Крепостная улица, на которой жили Дюреры, находилась в центре богатого квартала. Среди соседей были Шейрли, у которых останавливался император, когда был в Нюрнберге. Неподалеку находился дом Гартмана Шеделя, врача, историка, коллекционера книг, который в эти годы трудился над «Всемирной хроникой». Неподалеку располагались дом и самая крупная мастерская в городе – Михаэля Вольгемута. Благодаря крестному Дюреру всегда был открыт доступ в типографию. Мальчик с увлечением следил за рождением книг и гравюр. Рабочий день в типографии продолжался 14 часов. За ошибки типографщик штрафовал работников, а то и сажал под арест. Мастерские, изготавливавшие бумагу для типографии, назывались «бумажными мельницами», и у каждой был свой водяной знак. Альбрехт рано научился по знаку, цвету, на ощупь определять как типографию-изготовителя, так и качество бумаги и ее свойства. Он видел, как вырезались на грушевых дощечках толщиной с палец гравюры. Сначала на доску переводился рисунок. Потом то, что было между линиями, следовало осторожно срезать острыми и тонкими стамесками. Если случалась ошибка, приходилось вырезать из дощечки испорченный фрагмент и заменять его другим. После этого комком мягкой ткани на дощечку наносили краску, и тогда укладывали дощечку под пресс и с силой прижимали к ней слегка увлажненную (чтобы лучше впитывала краску) бумагу. Этот способ изготовления гравюр существовал уже лет сто (когда-то его придумали для печатания игральных карт). При этом необходимо помнить, что все детали рисунка для гравюры должны быть зеркальными. Эти рисунки создавали в мастерской Вольгемута. Когда-то этой мастерской владел Ганс Плейденвурф, побывавший в Нидерландах и научившийся там искусству гравера, помощников он обучал с помощью рисунков с голландских картин. Вольгемут унаследовал мастерскую, женившись на вдове Ганса. Сын Плейденвурфа стал его совладельцем. Вольгемут работал в староготической манере. Хотя иногда и давал своим ученикам для копирования гравюры с картин итальянцев или голландцев. О Вольгемуте могут быть разные мнения. Кто-то готов считать его неплохим живописцем. Кто-то отдает должное только его таланту предпринимателя. В любом случае, его заслуги в области книжной иллюстрации неоспоримы.
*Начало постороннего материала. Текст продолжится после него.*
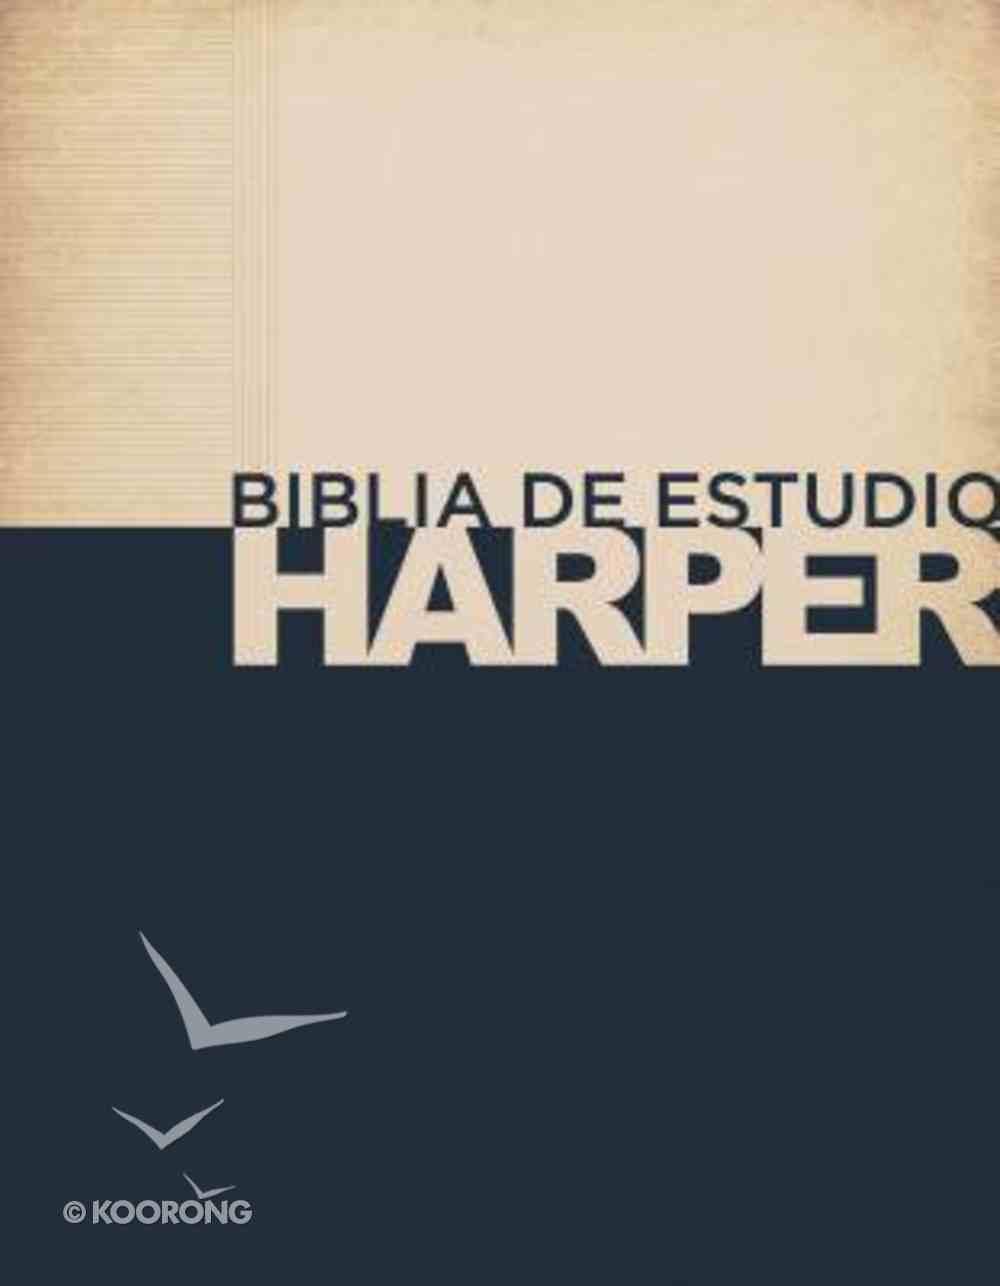 Rvr 1960 Biblia De Estudio Harper Tapa Dura Con Ndice (Spanish) Hardback

Когда маленький Альберт подрос, отец отдал его в школу. Тогда занятия в нюрнбергских школах проводились дважды в день: три часа с утра и три часа после обеда. В течение двух часов из трех детей обучали какой-либо науке: грамматике, логике либо риторике, а четвертый отдавался Закону Божьему. Когда мальчик научился читать и писать, отец забрал его из школы и принялся лично обучать тайнам золотых дел. Мальчик оказался талантлив и усидчив, он быстро освоил мастерство отца, но его все больше и больше тянуло к живописи. В 13 лет Альбрехт нарисовал серебряным карандашом свой первый автопортрет – не безупречный, но уже достаточно уверенный. И стал уговаривать отца разрешить ему заниматься живописью. Дюрер-старший был недоволен, ему было жаль потраченного впустую времени и неиспользованных возможностей маленького Альбрехта в ювелирном деле. Но он любил сына и в 1486 году на три года отдал его в ученики к главе старонюрнбергской школы живописцев Михаэлю Вольгемуту.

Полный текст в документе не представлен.